Maria Eduarda Costa, de 18 anos, foi diagnosticada em setembro de 2020 e está em tratamento no Hospital das Clínicas, em Curitiba

Maria Eduarda Costa, de 18 anos, precisa encontrar um doador de medula óssea 100% compatível com ela. Foto: Arquivo pessoal

Recentemente, familiares e amigos da iratiense Maria Eduarda Costa, de 18 anos, organizaram uma campanha para doação de medula óssea para a garota, que foi diagnosticada com um dos casos mais graves de leucemia em setembro do ano passado. Desde então, ela vem fazendo tratamento contra a doença no Hospital das Clínicas (HC), em Curitiba.  A mãe dela, Cristiane Aparecida Fernandes, relatou que, inicialmente, em Irati, os médicos disseram que ela poderia ter reumatismo. No entanto, novos exames realizados no HC detectaram o câncer no sangue.

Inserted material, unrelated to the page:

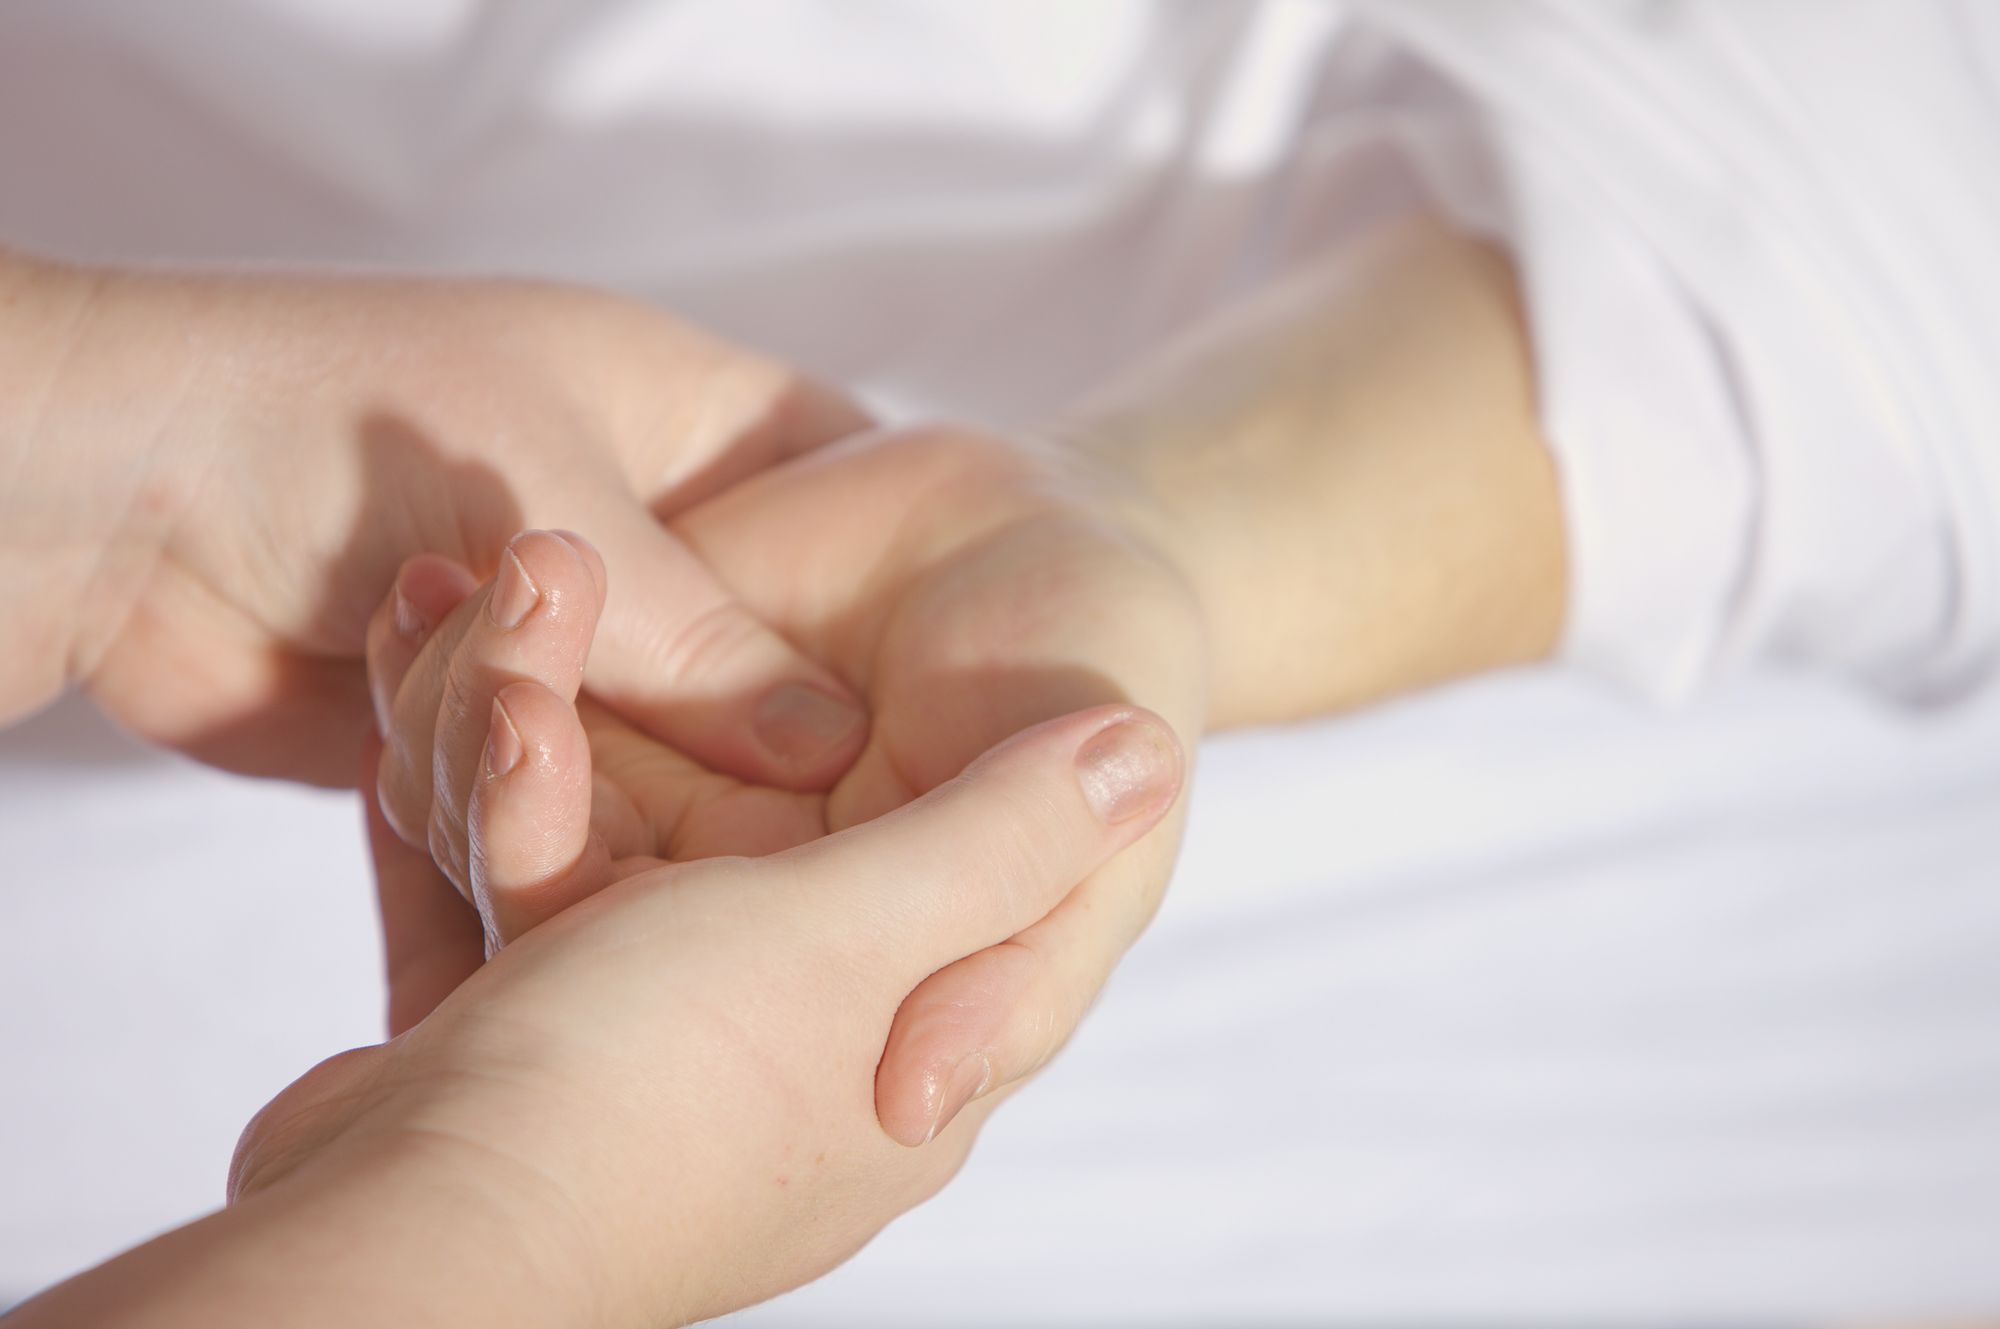 Oferiți persoanei un masaj al mâinilor

“Chegamos aqui no dia 24 de setembro, quando a doutora Luiza Cruvinel fez a biópsia e constatou que a Eduarda estava com leucemia linfoide LLA B, de alto risco. Ela começou o tratamento e foi direto para a UTI, onde ficou cerca de uma semana porque a doença tinha tomado conta de todo o corpo dela, do fígado, do baço, e do rim, tanto que ela precisou fazer hemodiálise”, conta Cristiane.

Tratamento - Antes de iniciar o tratamento, Maria Eduarda começou a sentir muitas dores nas pernas e recebia bolsas de sangue a cada seis meses. Depois, ela passou a receber as transfusões a cada três meses e depois a cada 15 dias na Santa Casa de Irati. A jovem também recebeu diversas aplicações de morfina no Posto de Saúde Ildefonso Zanetti e no hospital iratiense, conforme Cristiane. “Nós íamos até a secretaria, eles (médicos) aplicavam morfina e ela voltava embora, ficava 15 dias boa e depois apresentava dores nas pernas que nem conseguia andar. Por último, ela estava na cadeira de rodas, pois não conseguia andar de jeito nenhum. No hospital, ela tomava morfina e voltava bem para casa”, frisou.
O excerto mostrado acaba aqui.